Data Science for Business -Part 1: 5 basic terms

Zahid Parvez
Convergence Tech
Published in
5 min readMay 1, 2020

These days artificial intelligence, machine learning, and data science (or anything related to ‘data’) seem to be thrown around a lot. It is crucial to be able to work cooperatively and communicate with data personal to ensure you get the best outcome.

The chances are there is a probably a data team in your organisation, if not there most definitely is one in your industry. Let’s start at the root, so what is data anyway?

Data, Flicker @justgrimes

Data

In the most basic form, data is any unit of information. In fact, by reading this article, you are producing data. Anything and everything that happened, is happening, or will happen will create some form of data. For example:

  • You just read this word = data
  • Turtles have a shell = data
  • The sun will rise tomorrow = data

Data does not need to be captured, stored, or observed to exist. However, We can’t do much with unobserved data so its essential for us to capture it in some form. You are reading this article and storing it in your brain, and you will, at some point, recall what you have learnt and use it. Similarly, data has to be observed and stored for use in data science.

Data capture can be manual, i.e. by a person typing it into a computer, or be automated, i.e. taking a photo on your phone.
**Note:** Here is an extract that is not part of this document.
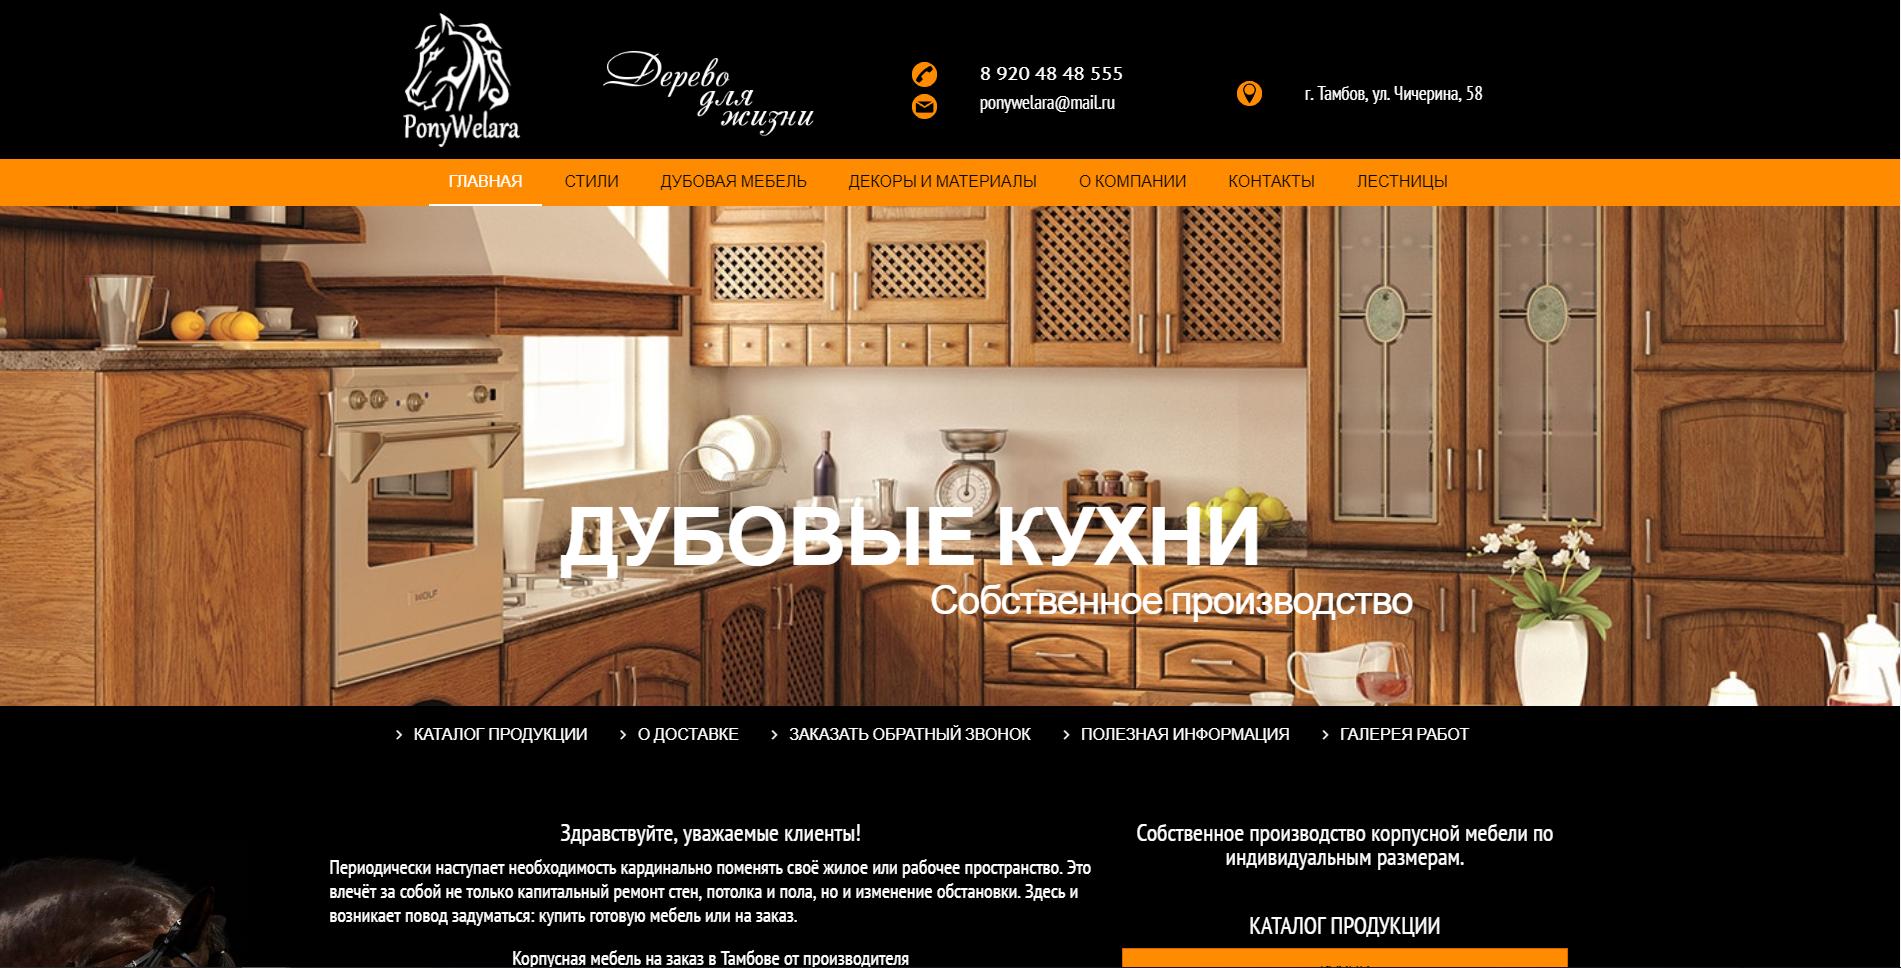 ponywelara.ru

In all of these instances, the data is stored in a storage device (i.e. your phone’s storage). The stored data can be analysed, but it is not easy. To take full advantage of data, it must be stored in a database.

An example of data captured using a mobile phone

Database

You probably heard the term “database” long before you heard of ‘data science’ or “artificial intelligence”. That’s because databases existed long before computers were a thing. Have you ever heard of a library?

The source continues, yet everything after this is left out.